We have drafted the model part. It remains to show that existence of dynamic behavior in practice. Though simple, this step is crucial to sell the story. Now KK has drafted the empirical part. Next week, he will integrate it with the modeling part. Afterwards, it is my turn to finish the project.

Above all, we are still struggling with our punch line.

Writing: paper review

The paper studies the procurement strategies for the A-systems. It concerns a firm producing a product of multiple components. The components’ procurement lead time are different but deterministic. The spot price for the key component fluctuates as a Brownian motion; other components have stable prices. The product demand is random with fixed selling price.

The firm seeks to maximize the expected profit by making proper quantity and procurement timing decisions. Buying earlier, it pays higher cost for holding inventory; delaying procurement, it must pay tardiness penalty for late delivery.

The paper considers two supply contracts. Under the strict contract, the firm must decide the quantity and timing at time 0. It trades off holding cost of early procurement and penalty of delaying. The quantity decision follows the newsvendor logic, while the timing is given by the optimal stopping problem. (In fact, the quantity part can be removed to make the logic cleaner.) Under the flexible contract, the firm can observe the price movement and hence buy at a lower price, thereby lowering the cost. Essentially it is an optimal stopping problem.

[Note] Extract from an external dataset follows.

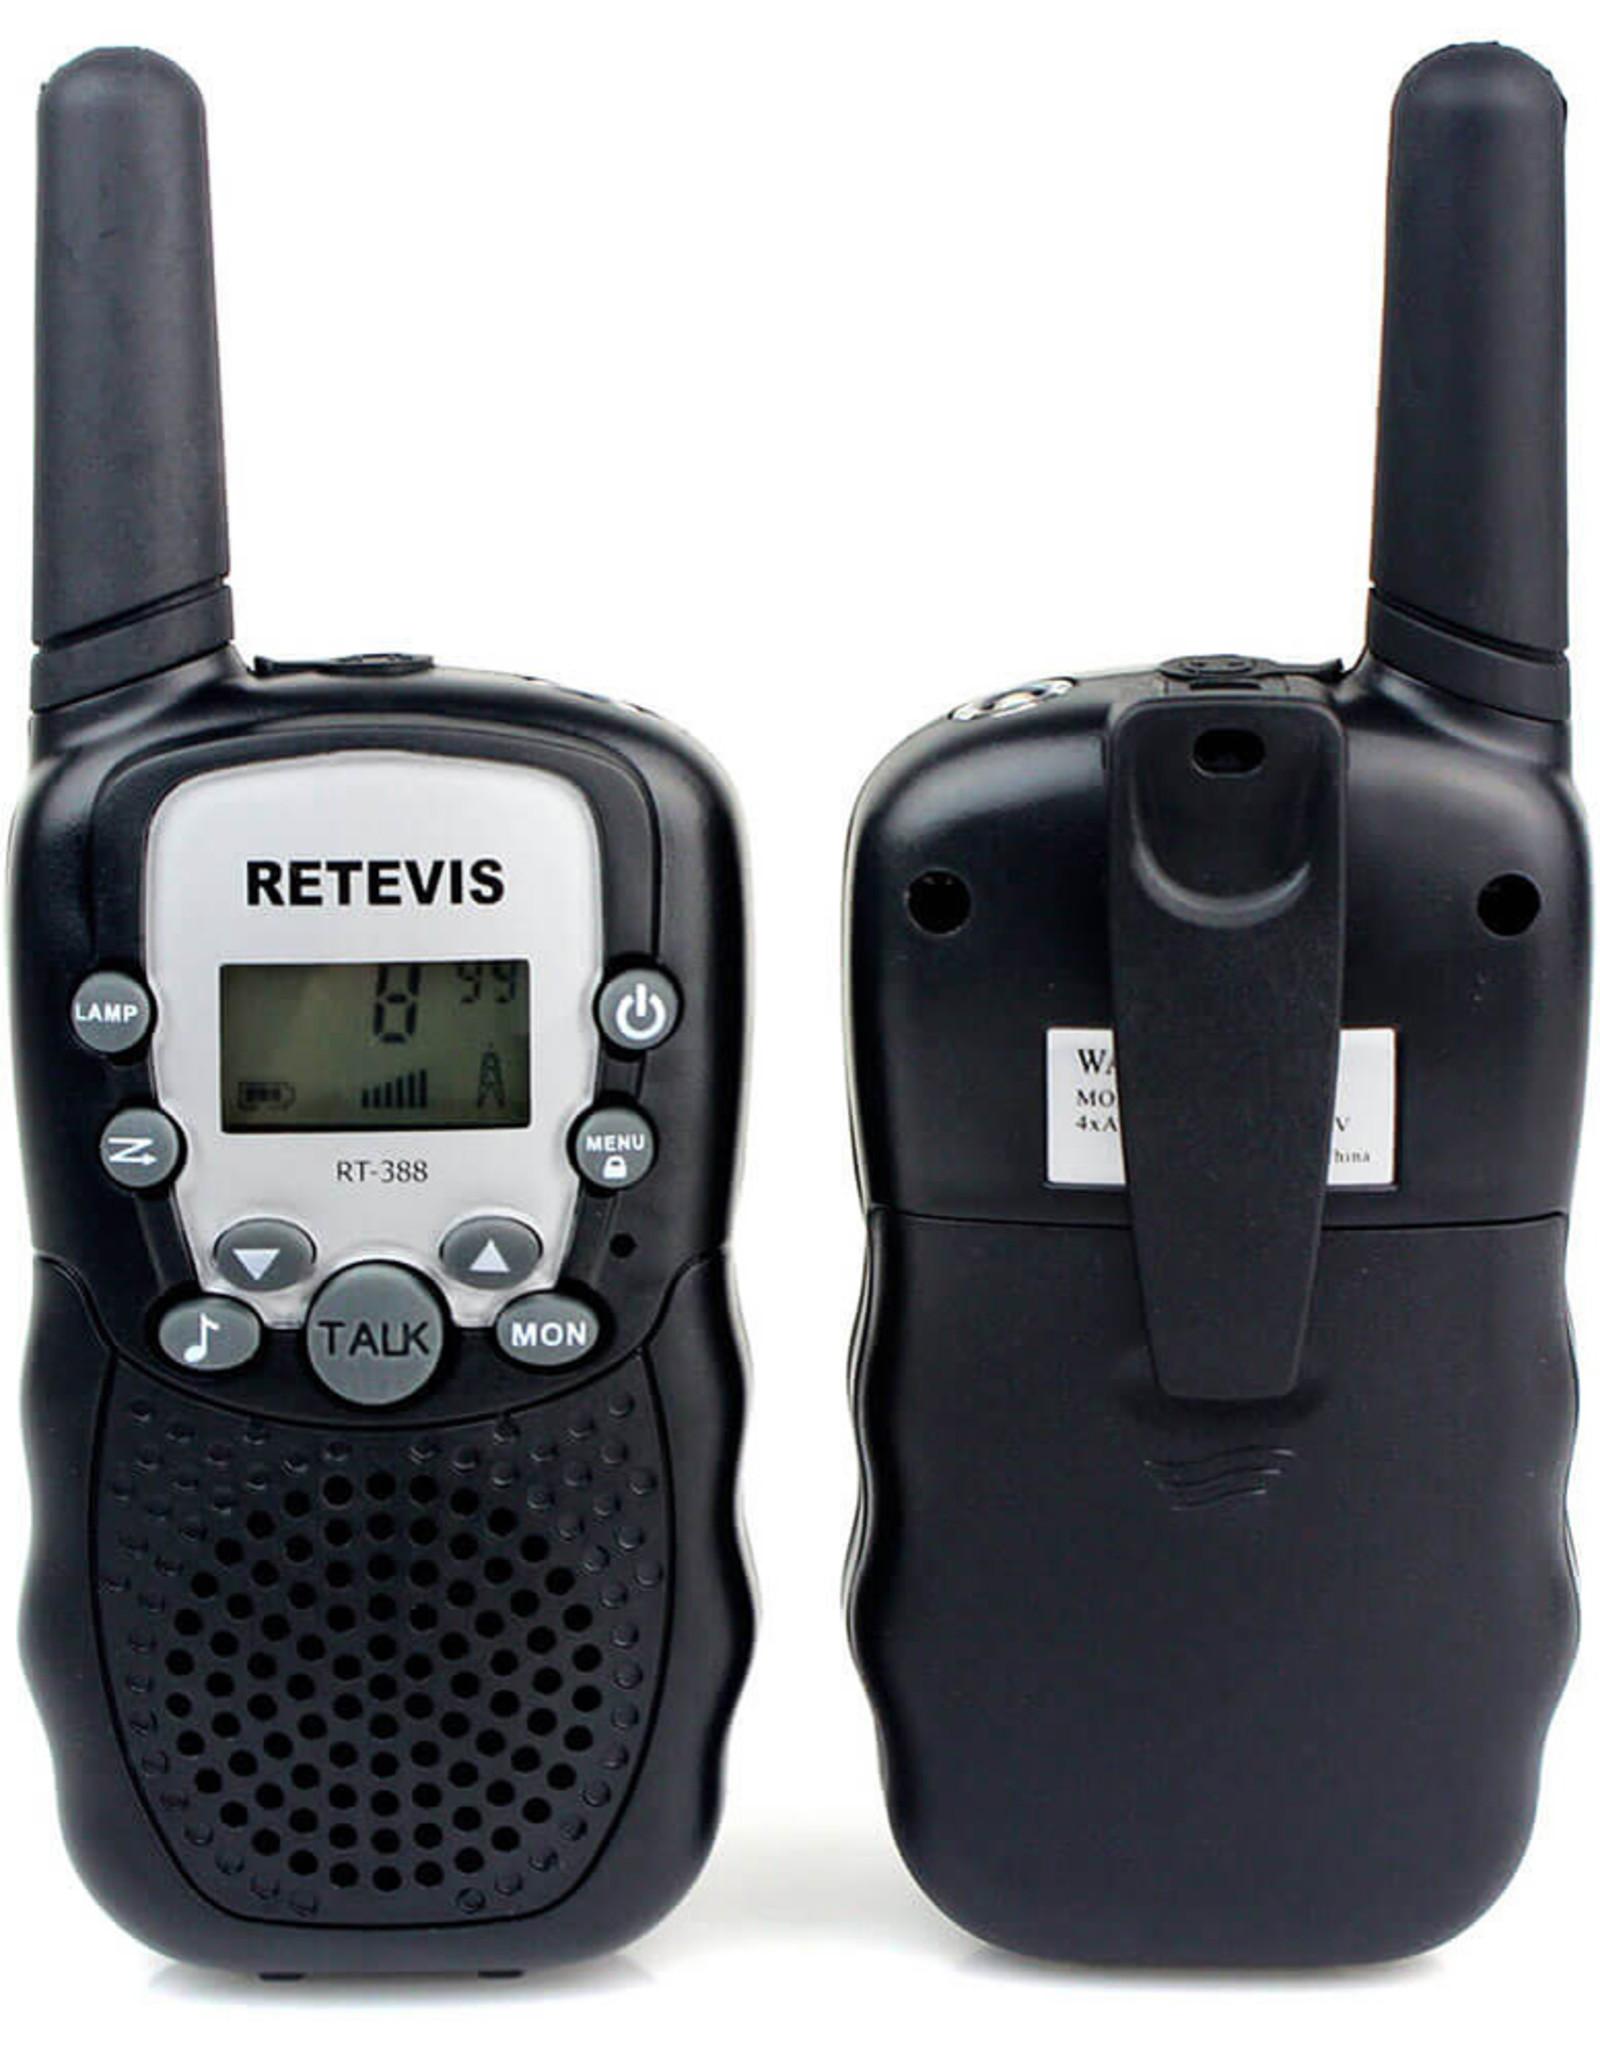 Retevis Walkie Talkies with Flashlight - Black

Despite the interesting setup, the paper falls short on both methodological and managerial ground. Its analysis hinges on the single random price assumption, which makes the characterization straightforward. The most interesting case is when the prices have the downward trend; but the paper does not make much headway here. That would be fine if the paper makes substantial managerial contribution. But here it fails, too. The two managerial points the paper makes are common sense.

In summary, the paper must go a step deeper.

Writing: HLD notes

I took three days to work out the missing steps.

In this project, we argue that the flexible regime dominates the mandatory one. Intuitively the logic is simple. But the math is not straightforward. This is because two regimes differ substantially in objectives and hence policies, which defy the direct comparison.

We solve this problem by relating them to the second best. We do so in two steps. First, we define the common structure. The central notion here is the virtual cost. Second, we parameterize each regime by its deviation from the second best (in terms virtual cost).

This approach provides a unified framework to compare the flexible and mandatory regimes. It overcomes the structural difference by teasing out their the common core.

There are two caveats, though. First, in the flexible regime the agent decides production, whereas in the mandatory regime the principal decides. Second, although each the principal may not see all the types, we still define its payoff function for each type. This hypothetical treatment poses no harm.

Currently, PL is working on the case with additional budget constraint. That constraint is necessary for explaining the logic of exporting trade. It makes economic sense and numerically it works. Just wait to see the details.